Some parents will try anything to stop a child’s fussiness or crying. These parents are often responding to their own anxiety more than the child’s urgent situation and real need.

Infants, of course, should be looked after immediately when they cry because there probably is an urgent need. But over time, it’s best to allow the child to start handling his or her own anxiety without rushing in with a quick fix.

One of the most important skills in dealing with life challenges is learning to handle one’s own discomfort in the face of anxiety. If children are given sweets or drinks whenever they are fussy, they are encouraged to use their emotions to manipulate others to get something. They are also prevented from learning to soothe themselves when they feel anxious.
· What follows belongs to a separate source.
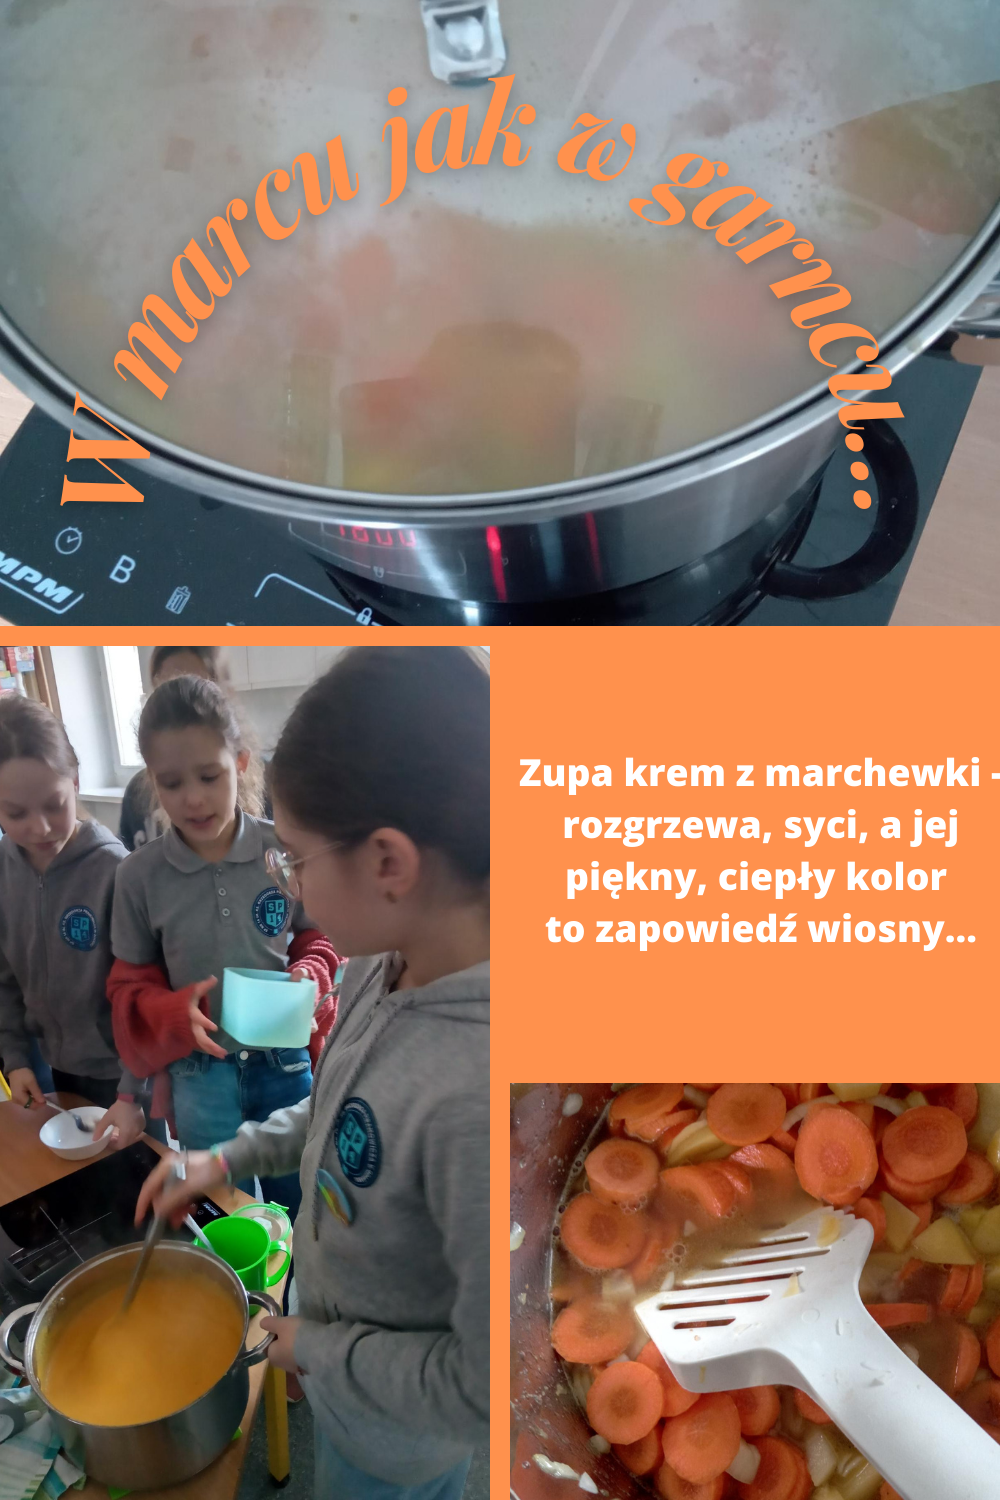 Na zdjęciach  widać uczniów przygotowujących zupę. Obierających  i k rojących warzywa, mieszających w garnku składniki. A na koniec gotową zupę krem z marchewki, którą można się już delektować.

They are being trained to use food or drink to soothe their anxiety. People who as children have always been distracted by food or drink when they’re upset have been neurologically hard wired to seek food, drink or attention the moment they feel anxious.

People learn to deal with apprehension and unfamiliar circumstances in early childhood. Anxiety is simply a physical state of increased attentiveness in the face of an unknown situation. Anything new or unknown in life provokes some anxiety. So if children don’t learn to deal with anxiety without having to consume something, they may end up consuming a lot more than is healthy for them.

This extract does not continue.